- Tampa Bay
"Tampa Bay" is not the name of any municipality. This misconception probably stems from the naming of several professional sports franchises (including the Tampa Bay Buccaneers, Tampa Bay Lightning, Tampa Bay Rays, and FC Tampa Bay) whose names represent the collective Tampa Bay Area, the hub of which is the city of Tampa, Florida.
Approximately 6,000 years ago, Tampa Bay formed as a brackish drowned river valley type estuary with a wide mouth connecting it to the Gulf of Mexico. Prior to that time, it was a large fresh water lake, possibly fed by the Floridan Aquifer through natural springs. Though the exact process of the lake-to-bay transformation is not completely understood, the leading theory is that rising seas levels following the last ice age coupled with the formation of a massive sink hole near the current mouth of the bay created a connection between the lake and the gulf.
Tampa Bay is Florida's largest open-water estuary, extending over 400 square miles (1,000 km2) and forming coastlines of Hillsborough, Manatee and Pinellas counties. The freshwater sources of the bay are distributed among over a hundred small tributaries, rather than a single river. The Hillsborough River is the largest such freshwater source, with the Alafia, Manatee, and Little Manatee rivers the next largest sources. Because of these many flows into the bay, its large watershed covers portions of five Florida counties and approximately 2,200 square miles (5,700 km2). The bay bottom is silty and sandy, with an average water depth of only about 12 feet (3.7 m).
Tampa Bay's shallow waters, sea grass beds, mud flats, and surrounding mangrove-dominated wetlands provide habitat for a wide variety of wildlife. More than 200 species of fish are found in the waters of the bay, along with bottlenose dolphins and manatees, plus many types of marine invertebrates including oysters, scallops, clams, shrimp and crab. More than two dozen species of birds, including brown pelicans, several types of heron and egret, Roseate spoonbills, cormorants, and laughing gulls make their year-round home along its shores and small islands, with several other migratory species joining them in the winter. The cooler months is when warm-water outfalls from power plants bordering the bay draw one out of every six manatees, an endangered species, to the area.
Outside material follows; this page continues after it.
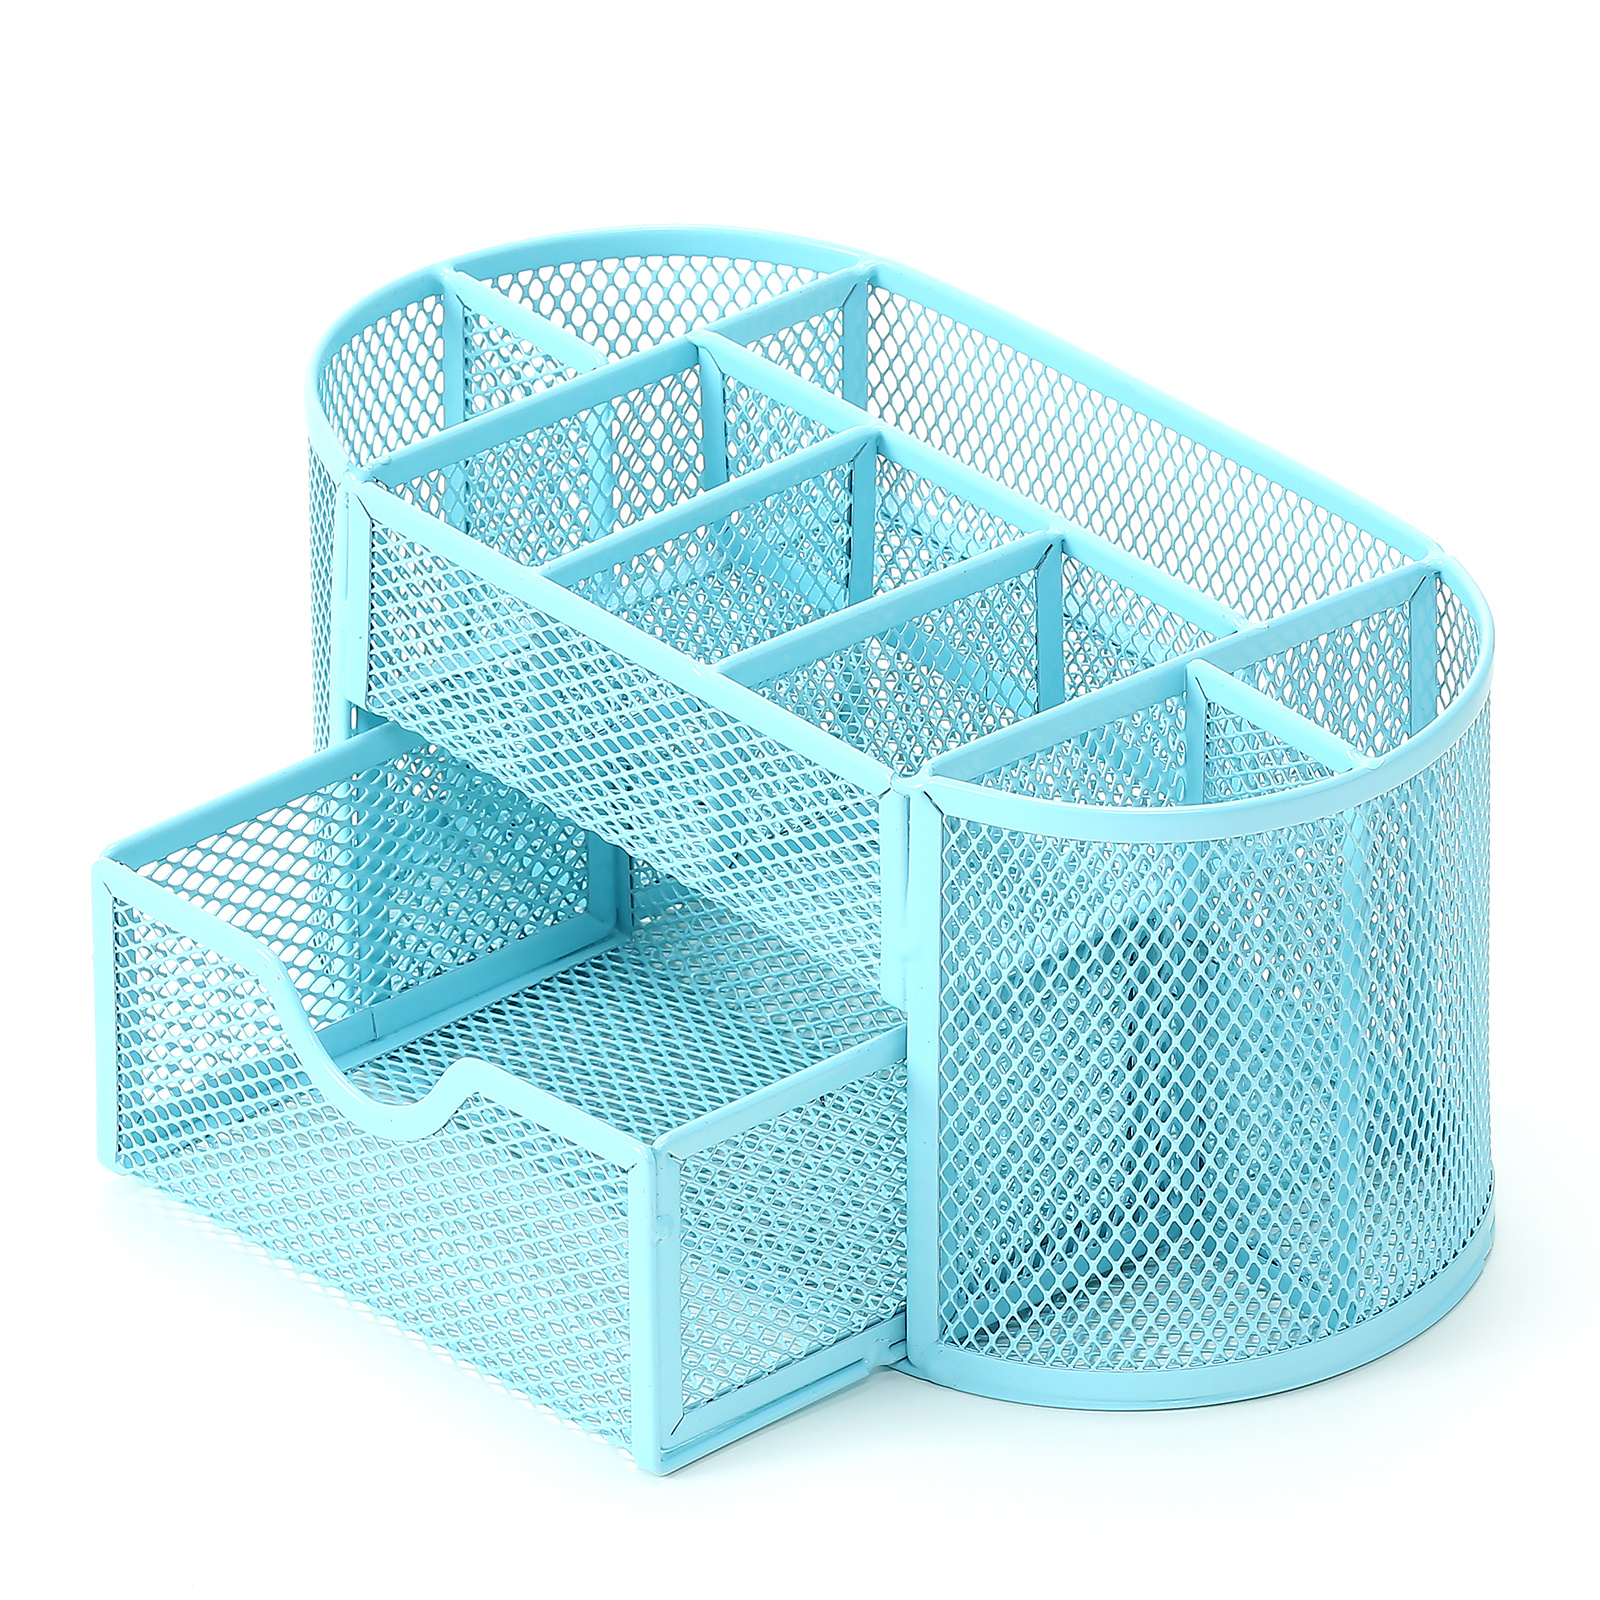 Lechay Mesh Pen Holder, Desk Organizer for Desk Pencil Holder with 8 Compartments and 1 Drawer Desk Supplies for Office Home 1 PC
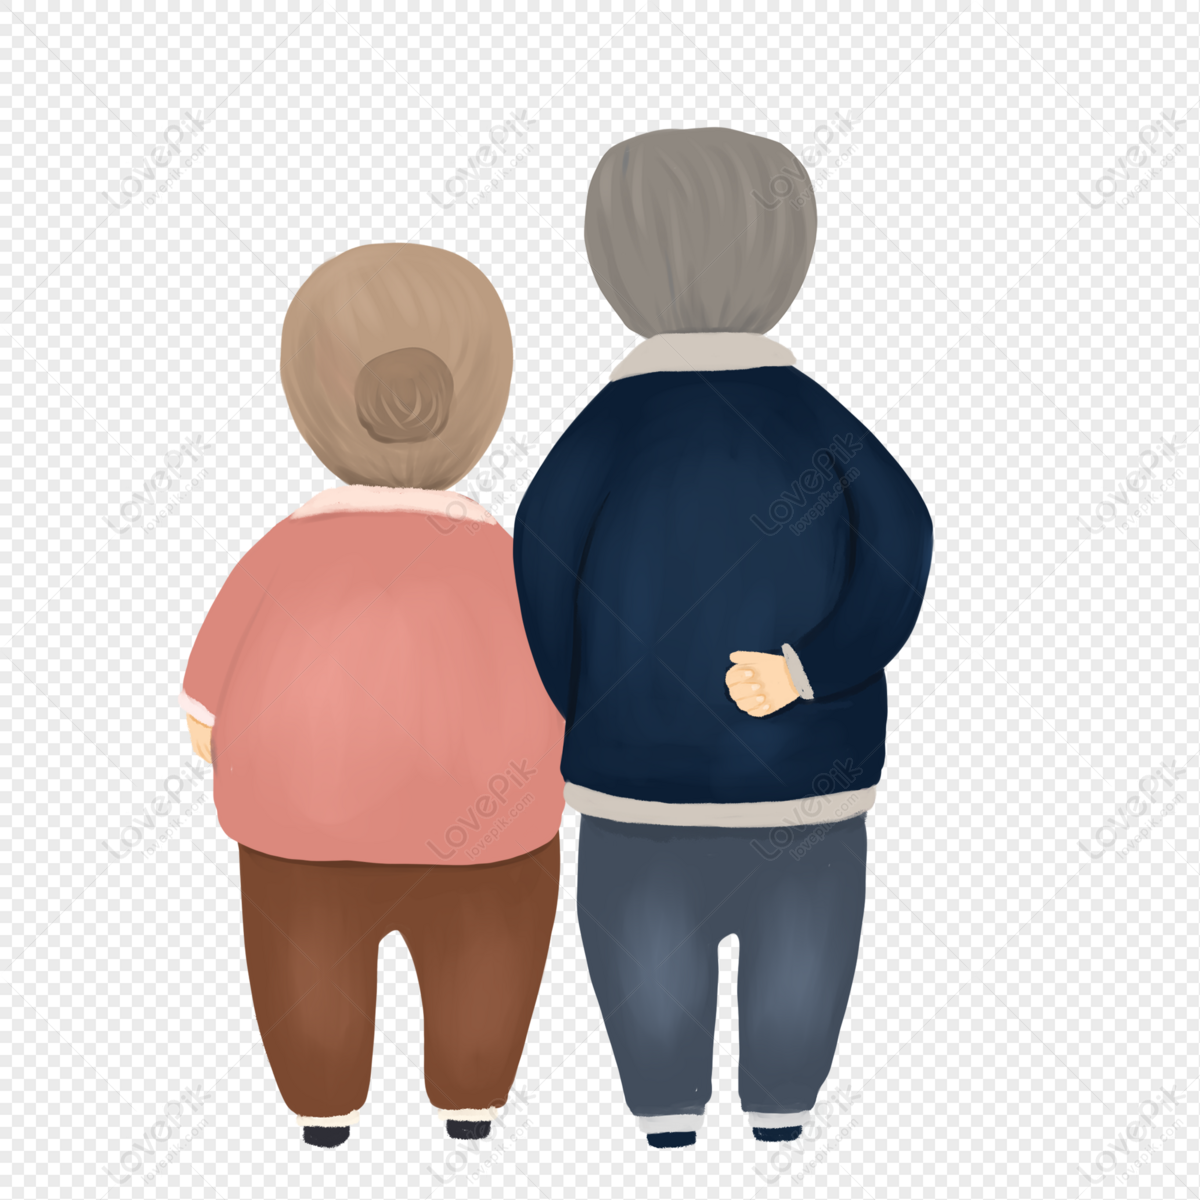 Elderly Couple PNG Image And Clipart Image For Free Download - Lovepik ...

Tampa Bay has been designated an "Estuary of National Significance" by the United States Environmental Protection Agency. Two National Wildlife Refuges are located in Tampa Bay: Pinellas National Wildlife Refuge and the refuge on Egmont Key. Most of the islands (including several man-made islands built from dredge spoil) and sandbars are off-limits to the public, due to their fragile ecology and their use as nesting sites by many species of birds. The Tampa Bay Estuary Program keeps watch over the Bay's health.
Humans have lived in the area for millennia, possibly as long as 12,000 to 14,000 years. The first local people to fully adapt to a sea-side lifestyle were the Manasota culture, who lived on the shores of Tampa Bay beginning around 5,000 - 6,000 years ago. They were ancestors to the Weeden Island culture. Approximately 1,100 years ago, the Tocobaga developed near present-day Safety Harbor along Old Tampa Bay. These were the people living in the area at the time of first contact with Europeans.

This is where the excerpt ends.